Supplementary Budget Passed
Members in Finance Committee recently accepted government's proposal to reduce the approved overall budget for the 2007/2008 financial year by about $2 million.
After the financial year has ended, it is customary for government to reduce the initial budget, in order to reflect actual performance for the year, explained the Financial Secretary, the Hon. Kenneth Jefferson.
The reductions usually occur in two areas - capital expenditures, and operating expenditures. With capital expenditures, projects often do not start as originally planned; and equally often, operating expenditures are less than what was budgeted, he said.
During Finance Committee, Mr Jefferson noted that government ended the year with a $10.6 million surplus.
He added that the debt-servicing ratio for the year stood at 5.6 percent, well under the limit of 10 percent as required by the Public Management and Finance Law (PMFL), the legislation under which government conducts business.
For the third supplementary budget for the year ended 30 June 2008, 199 changes were sought. Of those changes, 122 were for decreases in appropriations, totalling $43.3 million; and 77 were for increases, which amounted to $41.3 million.

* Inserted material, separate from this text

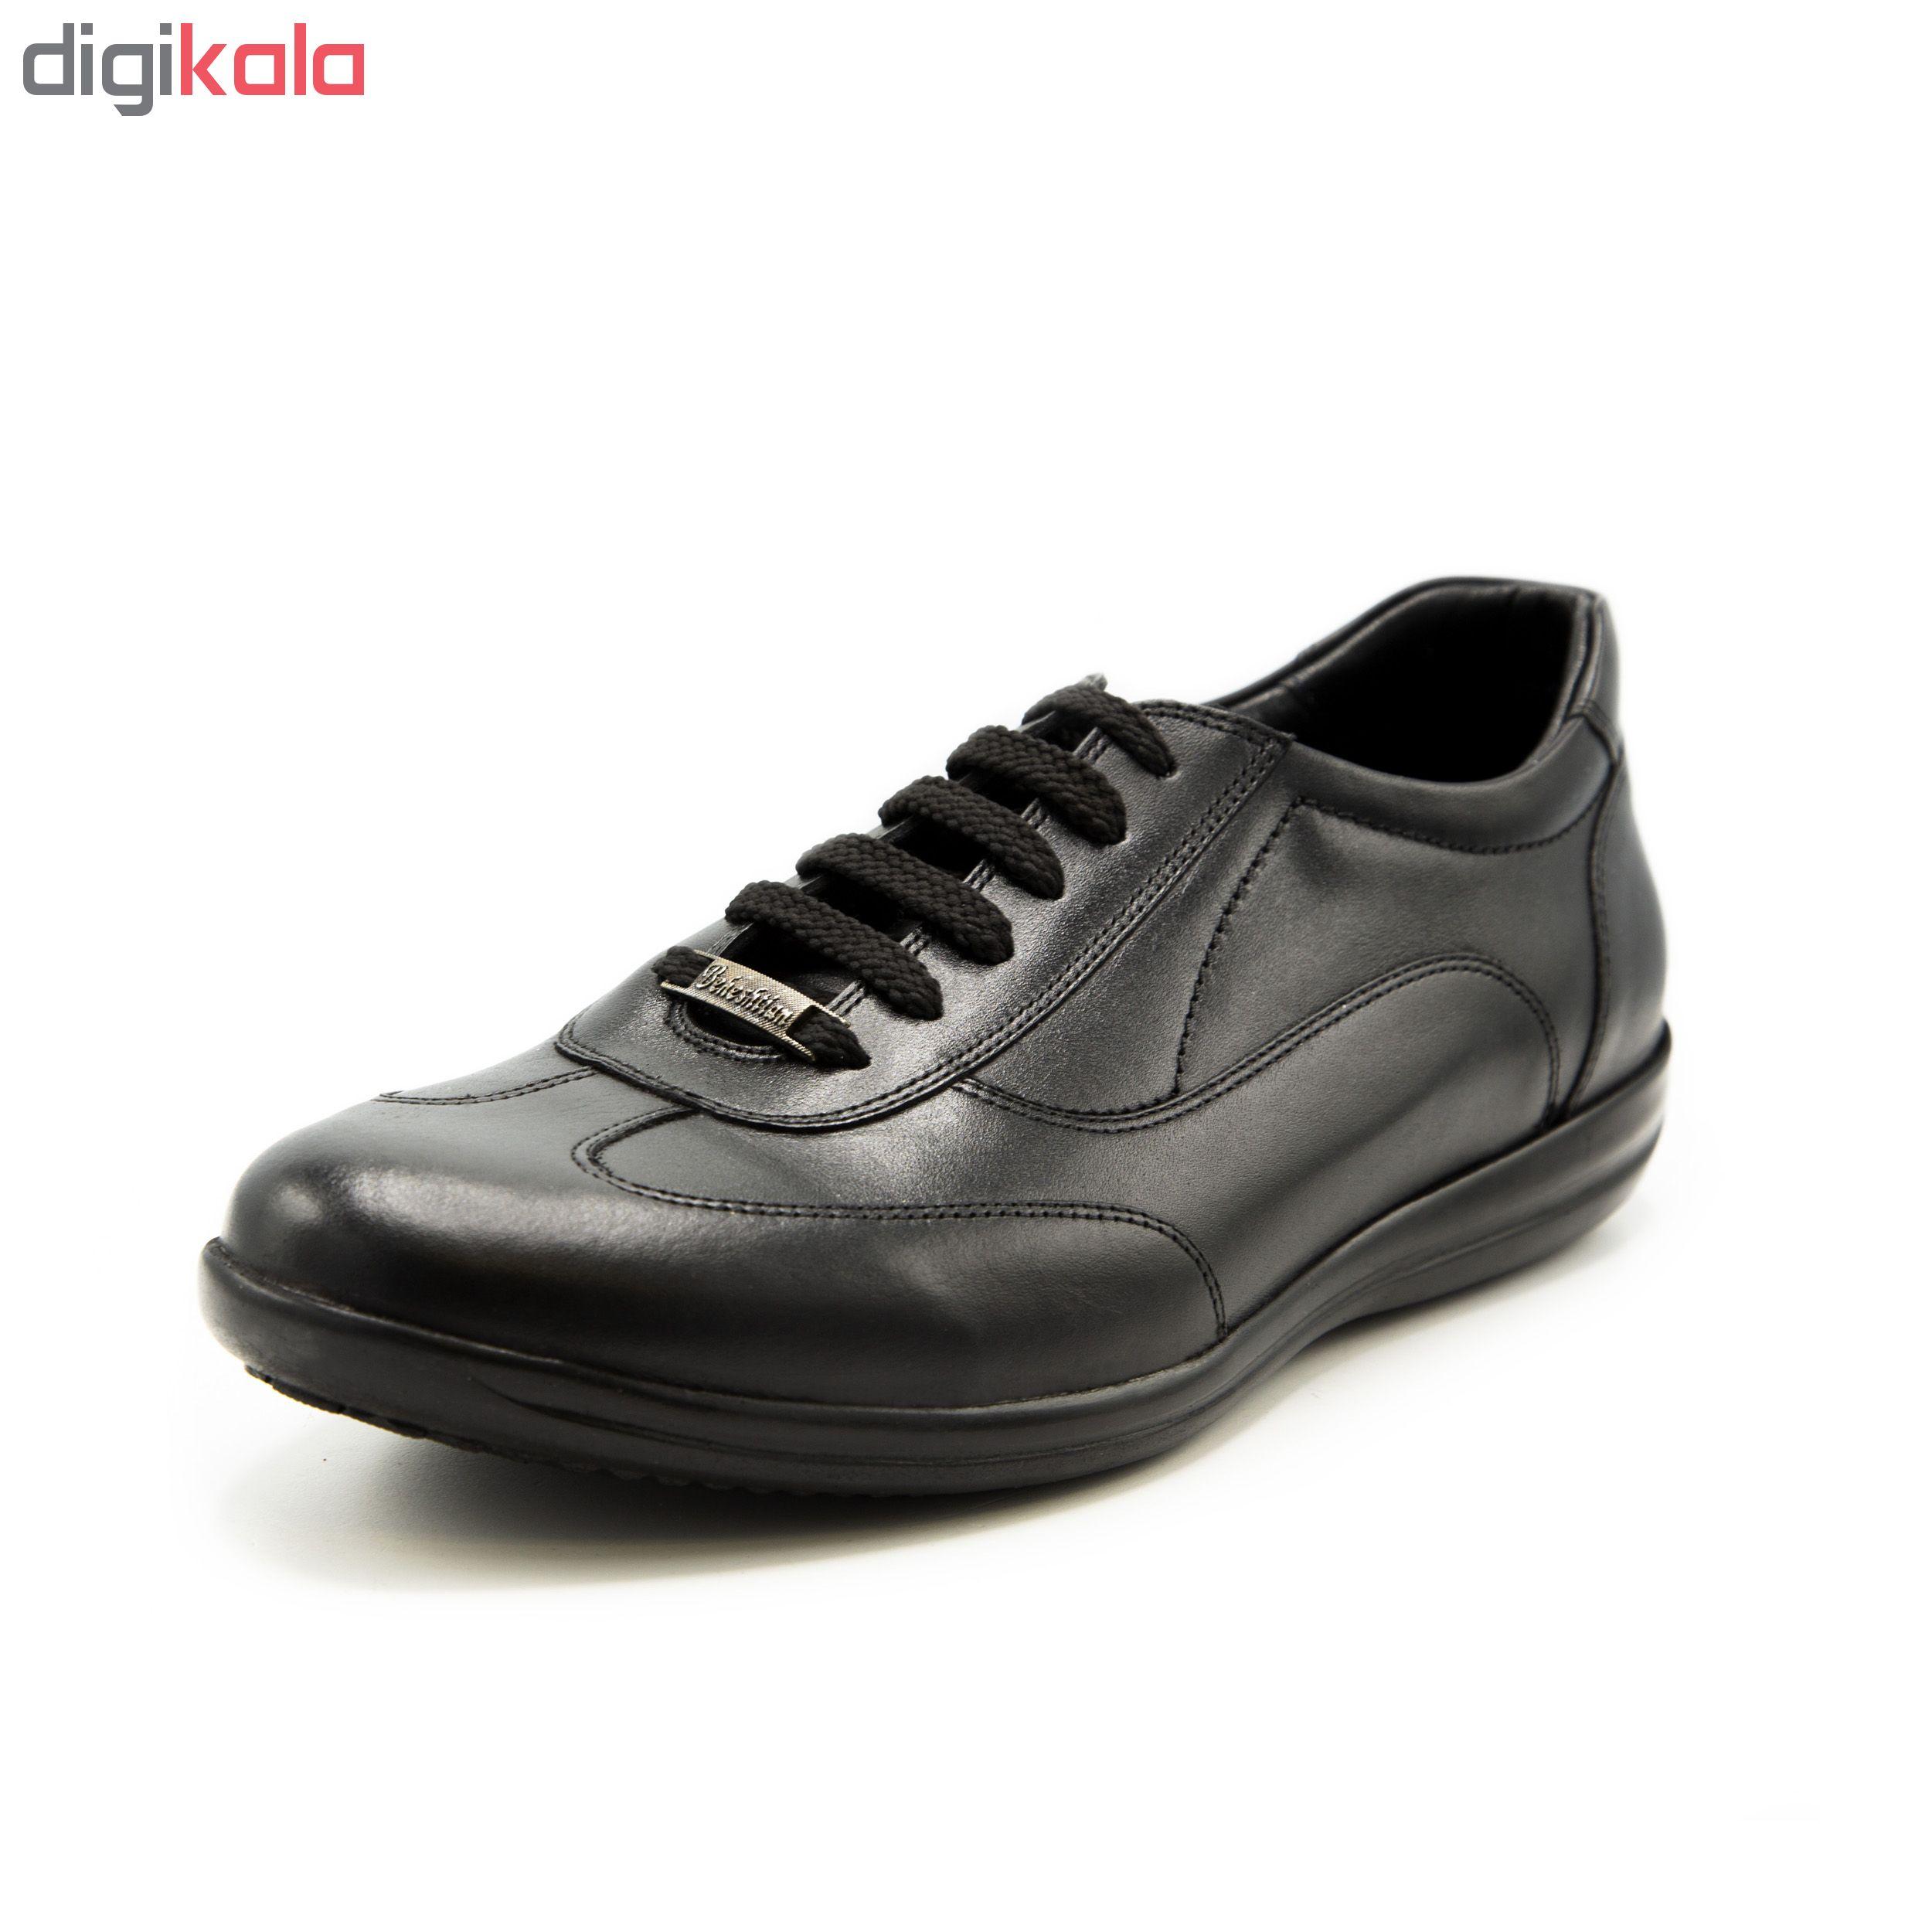 کفش مردانه بهشتیان مدل برن کد 53610

Under capital expenditure, changes to 43 appropriations resulted in a decrease of $13.6 million. That figure is based on a decrease in capital expenditure by $17,976,107, minus a $4,443,036 increase in spending, Mr Jefferson outlined.
Overall, operating expenses rose by $11.6 million, based on 72 requests for increases in spending that totalled $36.9 million. This rise in operating expenses was not offset by the 84 items on which government under-spent on costs, because their value only amounted to $25.3 million, Mr Jefferson noted.

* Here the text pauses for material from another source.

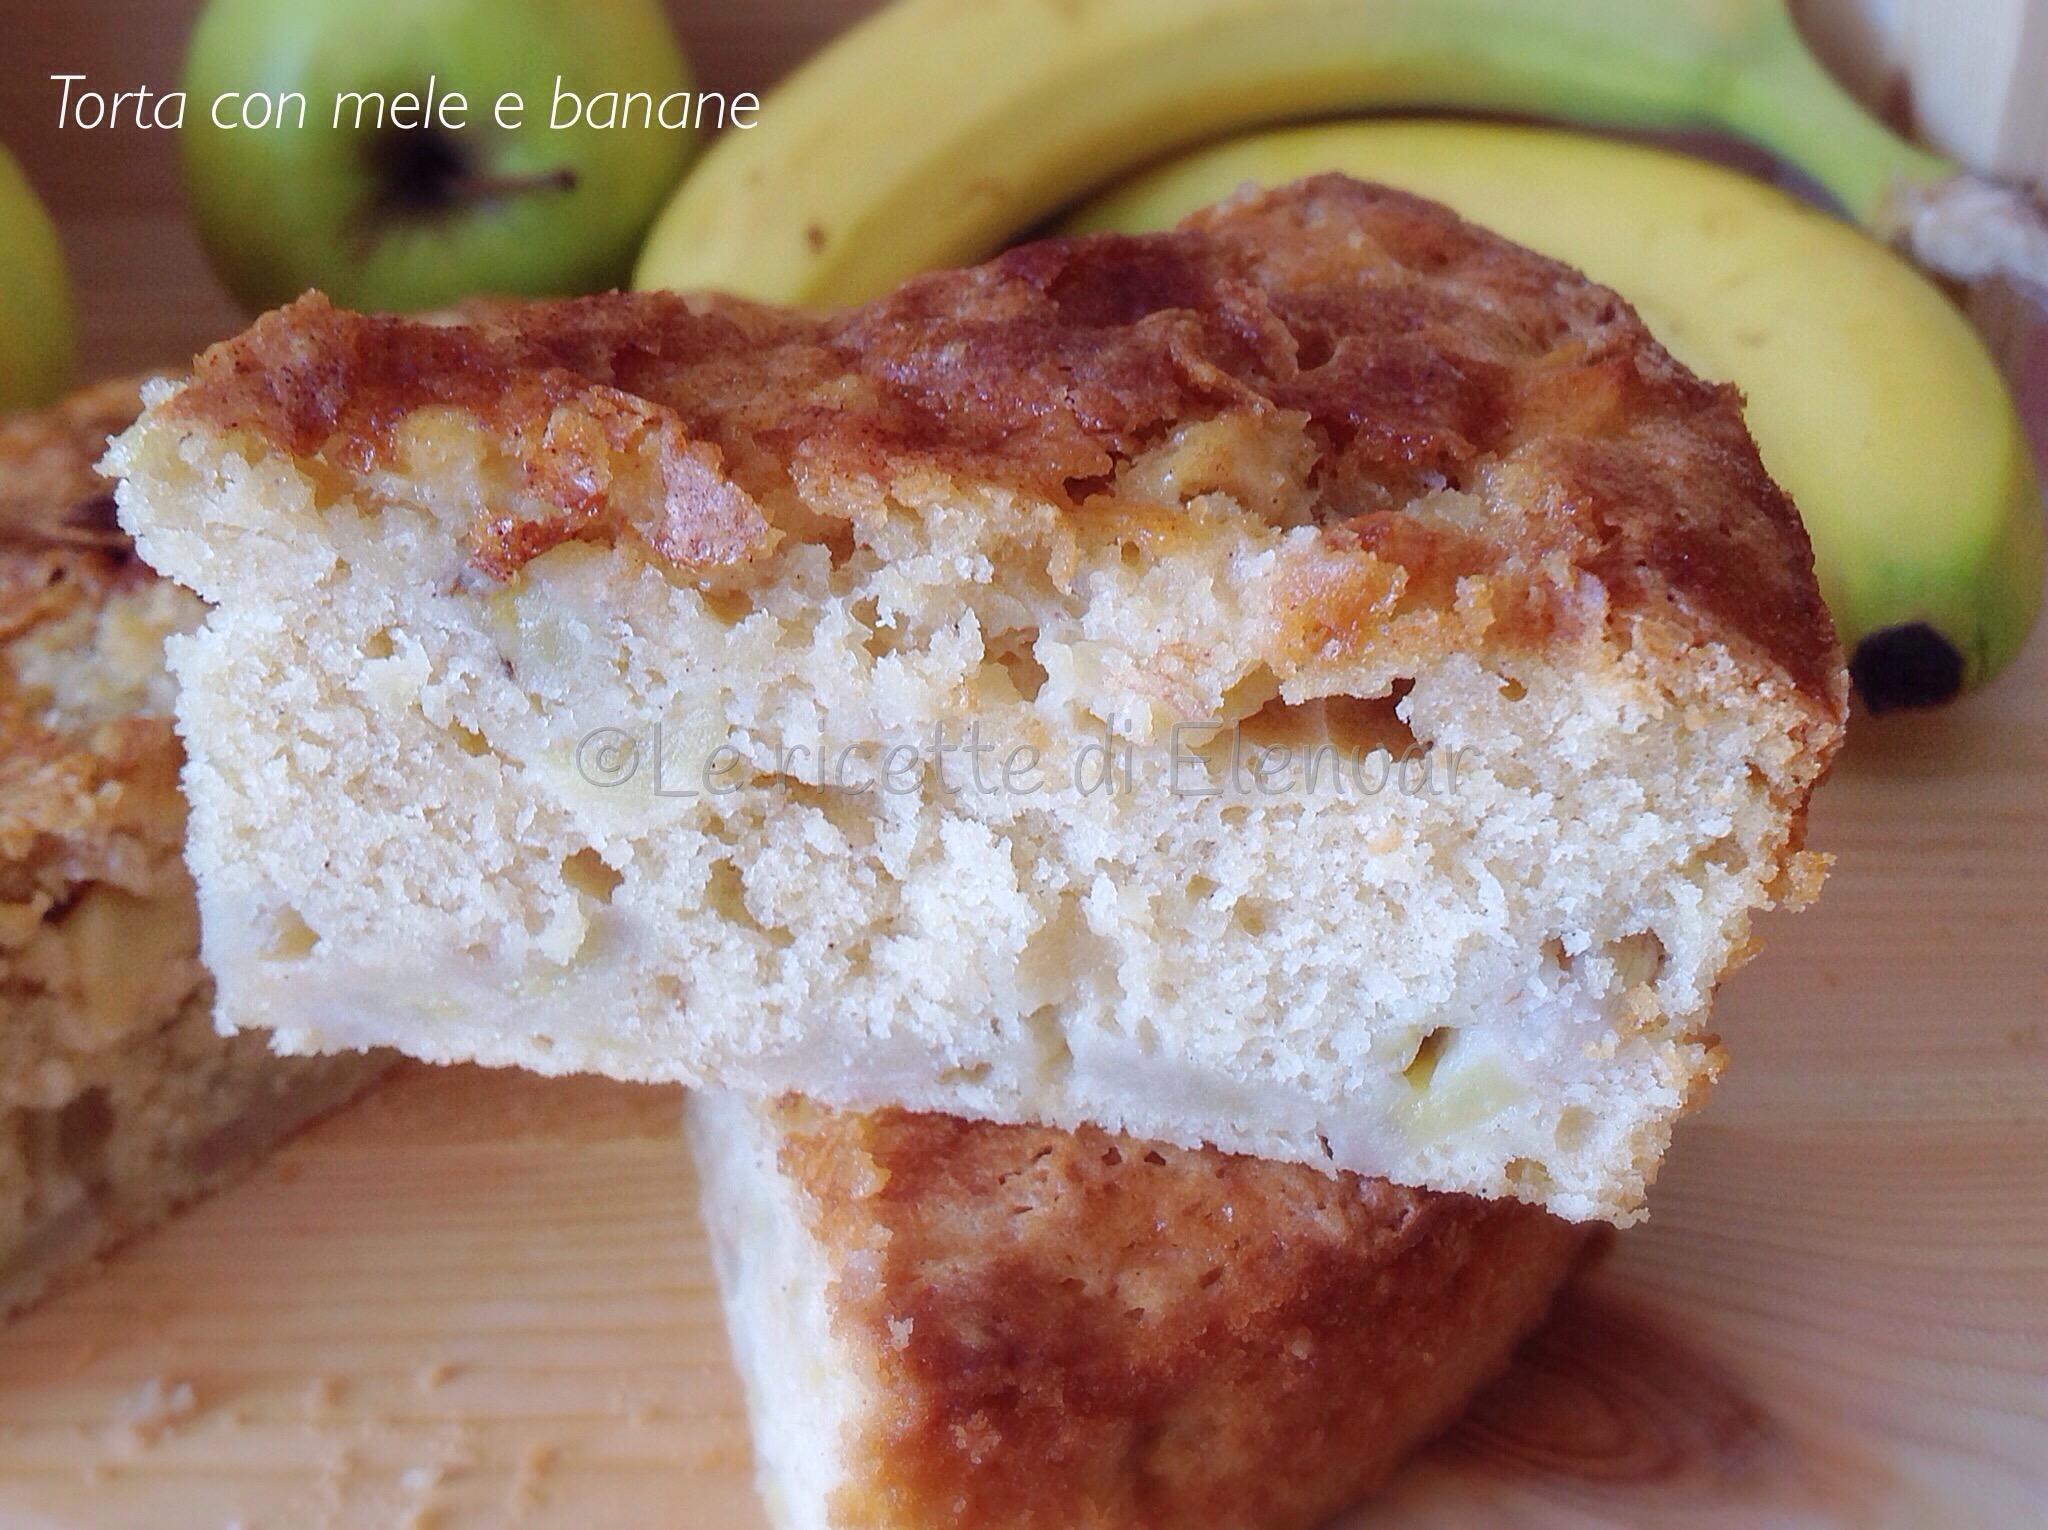 Torta con le mele e banane

Total operating revenue for core government rose from a budgeted sum of $523.3 million to $528.5 million for the last financial year, he said.
Total operating expenditure also rose, from $489.3 million to $504.7 million. The bulk of this increase went to increased personnel costs, which rose from $205 million to $212 million.

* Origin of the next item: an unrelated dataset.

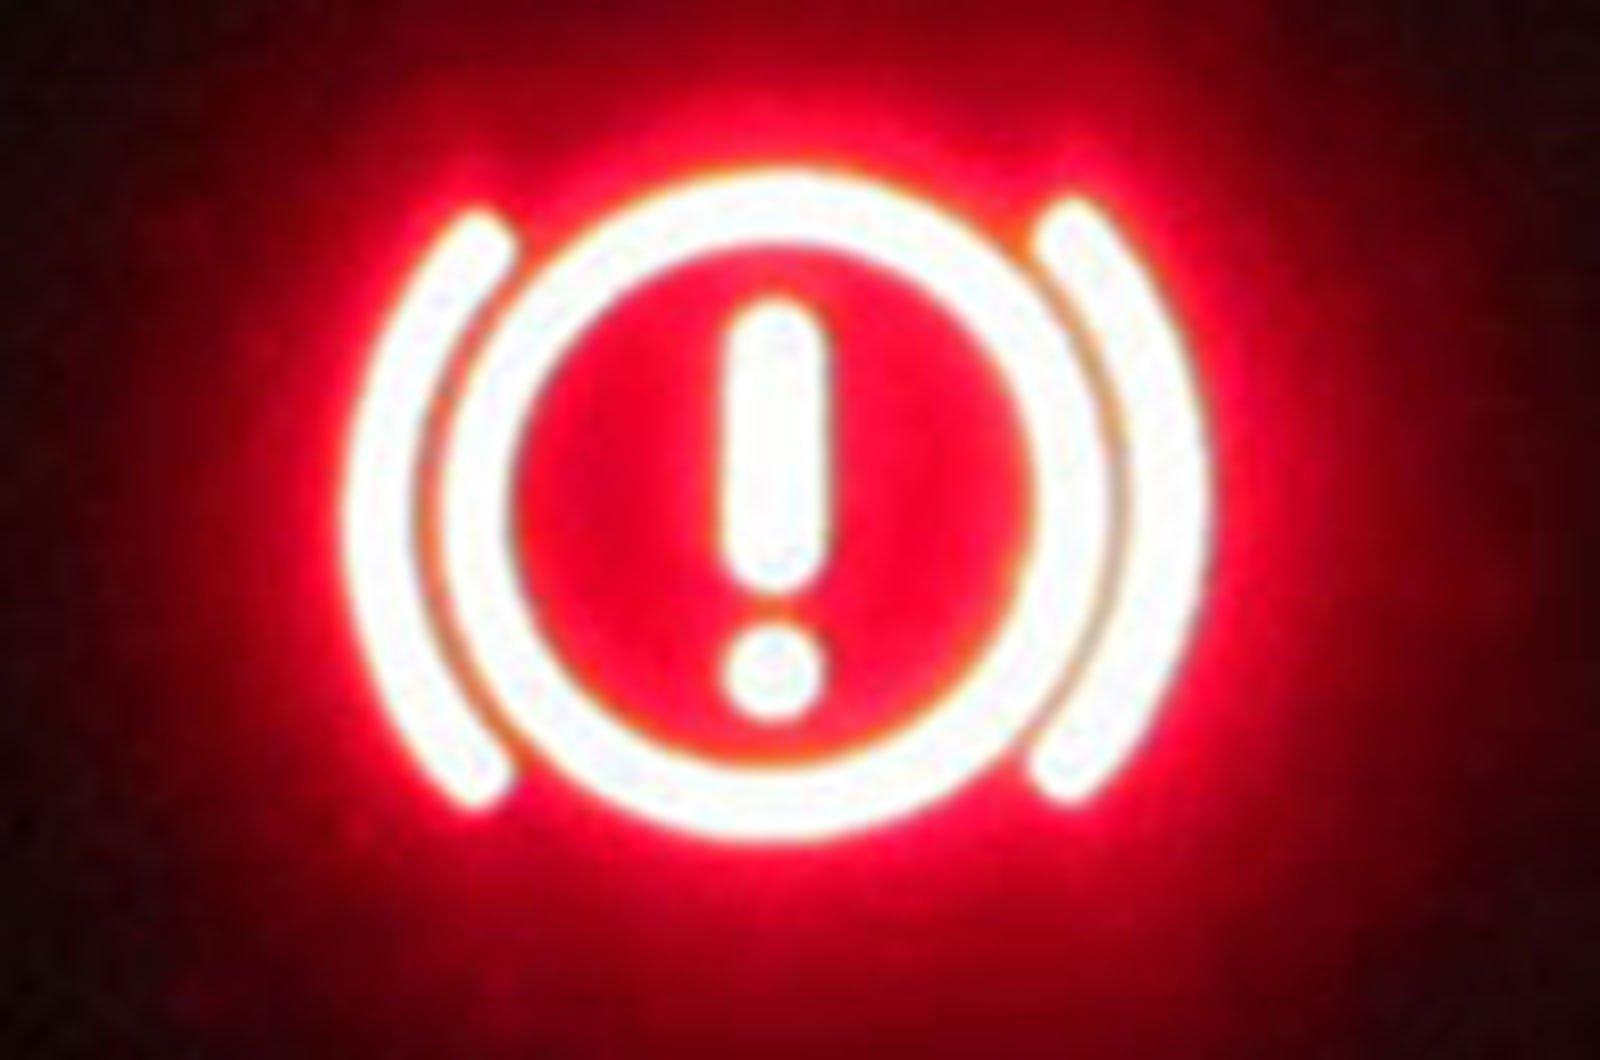 Brakes warning light

Surplus from operating activities was budgeted to be $34 million. The actual unaudited surplus from operating activities for the year to 30 June 2008 was $24 million.
Financing of government's borrowings reduced marginally to $10 million, he said. There was no change in the $3 million for government's payments to the National Recovery Fund used for repairs to homes, budgeted under extraordinary items.
The budgeted net surplus, which takes all expenditures and revenues into account, was $20.8. The actual unaudited net surplus for the year was $11 million, approximately.
Government's total assets after liabilities stood at $509 million at end of June this year, from a budgeted figure of $519 million.
To comply with a key requirement of the PMFL, government had to maintain in 07/08 cash reserves of not less than 75 days' of estimated executive expenses. At the end of the 07/08 fiscal year, government's cash reserves stood at 102 days' of expenses, better than the budgeted 91.1 days' and complying well with the law's requirement, Mr Jefferson noted.